В детстве я очень любил все, что̀ относилось до хозяйства, а потому и в настоящем случае прежде всего отправился к службам. Требовалось сравнить, все ли тут так же прочно, солидно и просторно, как у нас, в Малиновце; как устроены стойла для лошадей, много ли стоит жеребцов, которых в стадо не гоняют, а держат постоянно на сухом корму; обширен ли скотный двор, похожа ли савельцевская кухарка в застольной на нашу кухарку Василису и т. д. Сверх того, я видел, что у ворот конного двора стоит наша коляска с поднятым фордеком и около нее сидит наш кучер Алемпий, пускает дым из трубки-носогрейки и разговаривает с сгорбленным стариком в синем, вылинявшем от употребления крашенинном сюртуке. Наверное, думалось мне, они ведут речь о лошадях, и Алемпий хвалится нашим небольшим конским заводом, который и меня всегда интересовал.
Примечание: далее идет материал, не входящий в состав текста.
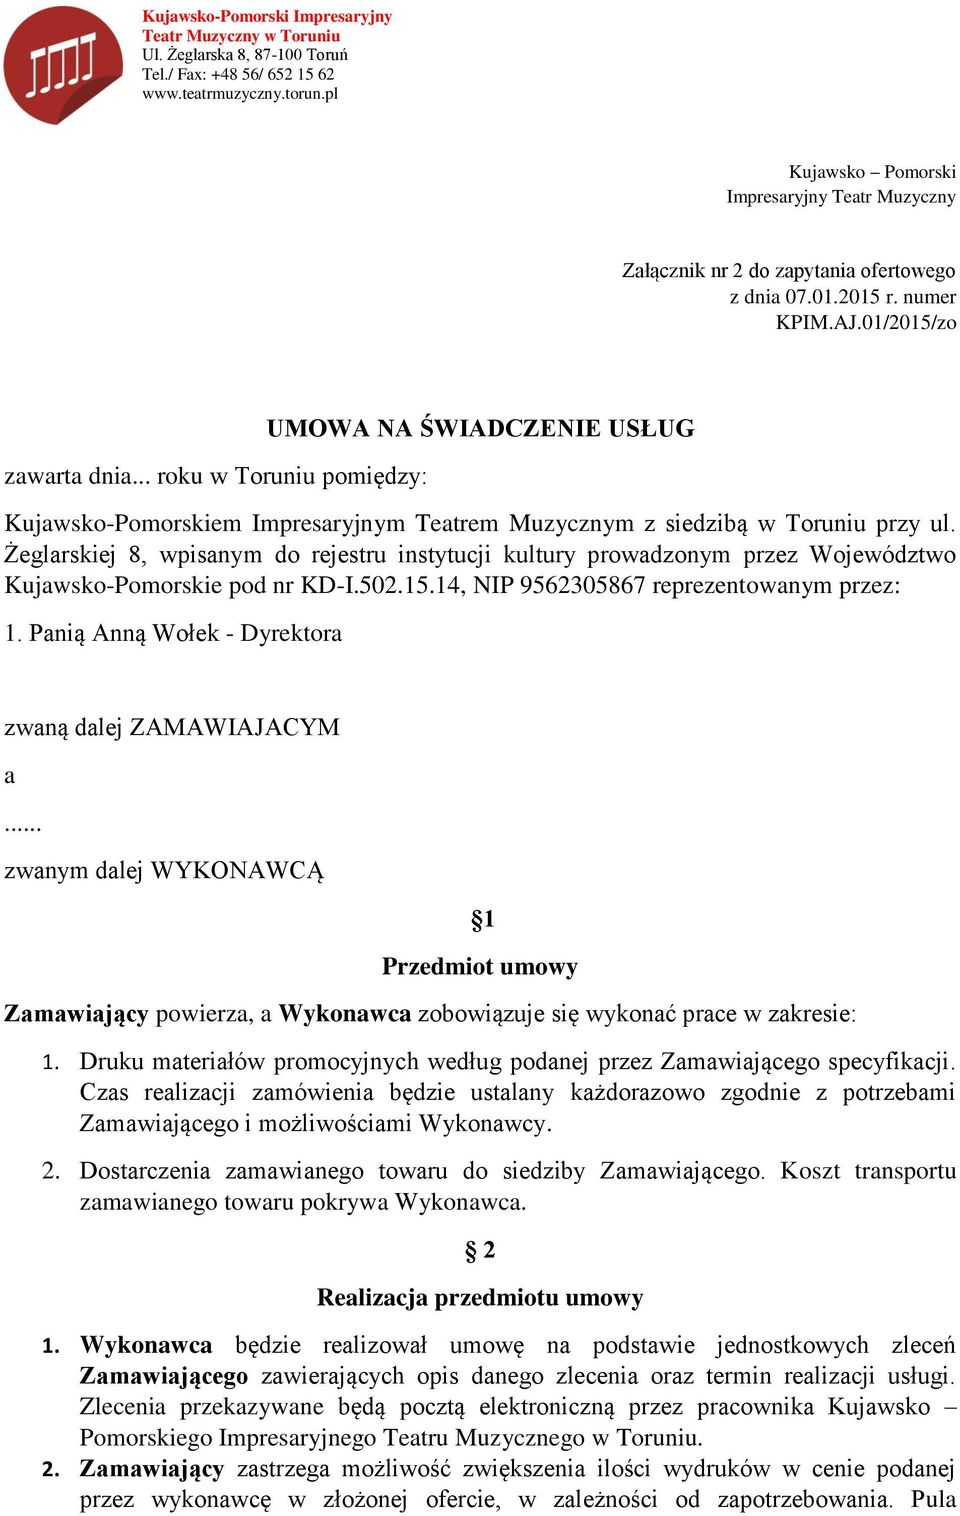 Żeglarskiej 8, wpisanym do rejestru instytucji kultury prowadzonym przez Województwo Kujawsko-Pomorskie pod nr KD-I.502.15.14, NIP 9562305867 reprezentowanym przez: 1.

Но по мере того, как я приближался к службам, до слуха моего доносились сдерживаемые стоны, которые сразу восстановили в моем воображении всю последовательность рассказов из тетенькиной крепостной практики. Через несколько секунд я был уже на месте.
Действительность, представившаяся моим глазам, была поистине ужасна. Я с детства привык к грубым формам помещичьего произвола, который выражался в нашем доме в форме сквернословия, пощечин, зуботычин и т. д., привык до того, что они почти не трогали меня. Но до истязания у нас не доходило. Тут же я увидал картину такого возмутительного, свойства, что на минуту остановился как вкопанный, не веря глазам своим.
У конюшни, на куче навоза, привязанная локтями к столбу, стояла девочка лет двенадцати и рвалась во все стороны. Был уже час второй дня, солнце так и обливало несчастную своими лучами. Рои мух поднимались из навозной жижи, вились над ее головой и облепляли ее воспаленное, улитое слезами и слюною лицо. По местам образовались уже небольшие раны, из которых сочилась сукровица. Девочка терзалась, а тут же, в двух шагах от нее, преспокойно гуторили два старика, будто ничего необыкновенного в их глазах не происходило.
Я сам стоял в нерешимости перед смутным ожиданием ответственности за непрошеное вмешательство, — до такой степени крепостная дисциплина смиряла даже в детях человеческие порывы. Однако ж сердце мое не выдержало; я тихонько подкрался к столбу и протянул руки, чтобы развязать веревки.
— Не тронь… тетенька забранит… хуже будет! — остановила меня девочка, — вот лицо фартуком оботри… Барин!.. миленький!
И в то же время сзади меня раздался старческий голос:
— Не суйся не в свое дело, пащенок! И тебя к столбу тетенька привяжет!
Это говорил Алемпиев собеседник. При этих словах во мне совершилось нечто постыдное. Я мгновенно забыл о девочке и с поднятыми кулаками, с словами: «Молчать, подлый халуй!» — бросился к старику. Я не помню, чтобы со мной случался когда-либо такой припадок гнева и чтобы он выражался в таких формах, но очевидно, что крепостная практика уже свила во мне прочное гнездо и ожидала только случая, чтобы всплыть наружу.